Gary Dunn

Current position
- Title: Head coach
- Team: California (PA)
- Conference: PSAC
- Record: 75–28

Biographical details
- Born: 1973 or 1974 (age 51–52) Pittsburgh, Pennsylvania, U.S.

Playing career
- 1991–1994: California (PA)
- Position: Offensive lineman

Coaching career (HC unless noted)
- 1995: California (PA) (GA)
- 1996–1997: Morehead State (OL/TE)
- 1998–2008: Morehead State (OC)
- 2009–2015: Duquesne (OC)
- 2016–present: California (PA)

Head coaching record
- Overall: 75–28
- Tournaments: 4–4 (NCAA D-II playoffs)

Accomplishments and honors

Championships
- 1 PSAC (2016) 3 PSAC West Division (2016, 2021, 2024)

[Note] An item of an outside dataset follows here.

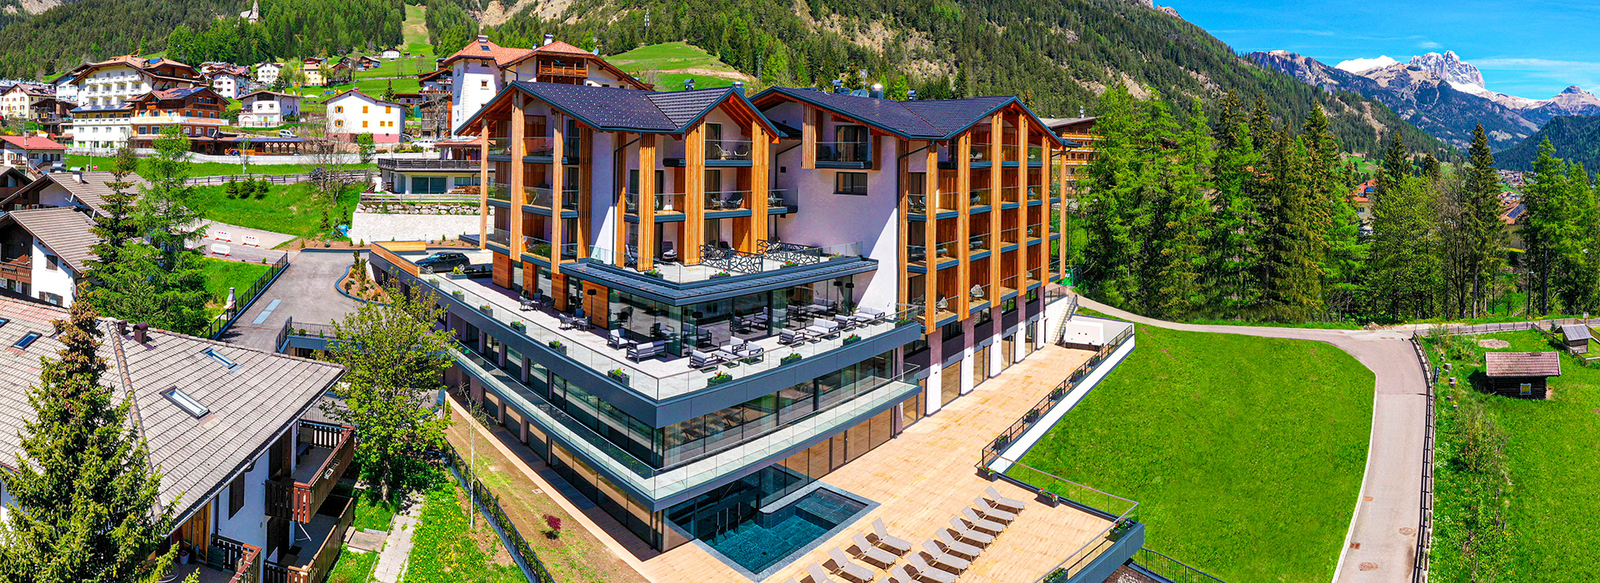 Ciampedie Luxury Alpine Spa Hotel 5*, Vigo di Fassa (TN), mezza pensione, 4 notti da € 495

= Gary Dunn (American football coach) =

American football player and coach

Gary Dunn is an American college football coach. He is the head football coach for California University of Pennsylvania, a position he has held since 2016. In his first season as head coach, in 2016, he led the California Vulcans to a Pennsylvania State Athletic Conference (PSAC) championship and a birth in the NCAA Division II Football Championship.

==Coaching career==
While at Morehead State, Dunn served as the offensive coordinator for 11 seasons after spending two seasons as the offensive line and tight ends coach. In 2000, the Morehead State Eagles led the NCAA Division I Football Championship Subdivision (FCS) with 41.6 points and 523.9 yards of total offense behind the play of quarterback Dave Dinkins, a native of Pittsburgh. Morehead State matched the winningest season in school history in 2002, finishing with a 9–3 overall record behind an offense that ranked ninth in the country with 425.7 yards of total offense per game.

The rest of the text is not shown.